下午,林家小院。
饱餐一顿后,周桂香只觉得浑身是劲儿,连带着看院子里那堆竹篾都觉得格外亲切。
周桂香招呼着晚秋和张春燕,
“春燕,你身子重,就在这儿坐着,帮着整理篾片,刮刮毛刺就成,别累着,
晚秋,你也是,你编那些伤神的要格外注意休息,家里有娘呢!”
因着那批周桂香和张春燕编的竹编也见到了铜板,周桂香这会儿对自己的手艺可是格外自信。
张春燕哪肯真闲着,她觉得自己今儿精神头格外足,定是双胎带来的喜气和中午那顿肉的功劳,连忙道,
“娘,我没事,坐着也是坐着,编点简单的篮子篓子没问题!”
晚秋自然比周桂香还有劲。
中午对账时,听到那些精巧的竹编竟卖出了三百多文的高价,她心里高兴极了,巴不得再长一双手出来编竹编。

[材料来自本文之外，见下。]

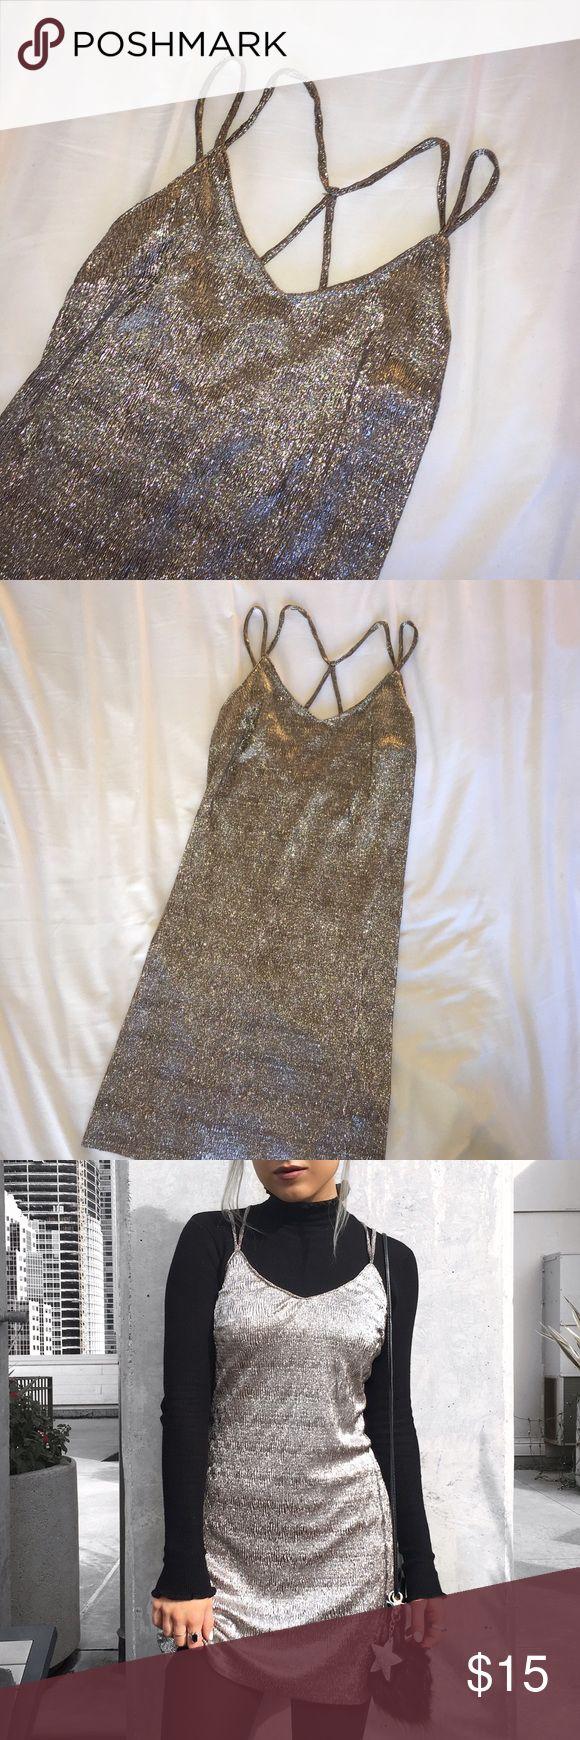 Ardene metallic mini dress Adorable metallic silvery pink tank mini dress by Ardene, stretchy fabric, size small, worn once, NO TRADES ardene Dresses Mini

翰墨轩掌柜的认可,是对她手艺和心思的肯定,也意味着这条路可以继续走下去。
不过眼下最要紧的,还是那位周小姐的订单。
晚秋默默算着日子,
今天是二月四,交货日是二月十二,满打满算只剩八天。
五个挎包,已经完成了四个,最后一个骨架也快好了,只剩下最后的打磨,组装背带和细节装饰。
但周小姐还额外订了十五个不同的小装饰。
这些小玩意儿虽小,却极费工时和眼力,必须做得精巧别致才行。
想到这里,晚秋不敢耽搁,立刻动手。
她坐在光线最好的窗边,手指不停,纤细的竹篾在她手中好似有了生命,一点点编织出挎包最后的轮廓。
晚秋的神情专注宁静,完全沉浸在手艺的世界里。
另一边,林清河也没有闲着。
南房里,正独自一人,扶着那副胁窝架子,一点一点地尝试站立。
与之前那个固定的竹架不同,这副新架子给了他更多主动发力的空间。
林清河能清晰地感觉到,当自己努力调动腰腹和腿部的力量时,胁窝处传来的不仅仅是支撑,还有一种微微的,带着酸胀的通感,
就像是淤塞已久的河道,正被一股细细的水流艰难地冲刷着。
这个过程异常辛苦,不一会儿他就满头大汗,脸色发白,但那双总是温和带笑的眼里,却闪烁着前所未有的坚定光芒。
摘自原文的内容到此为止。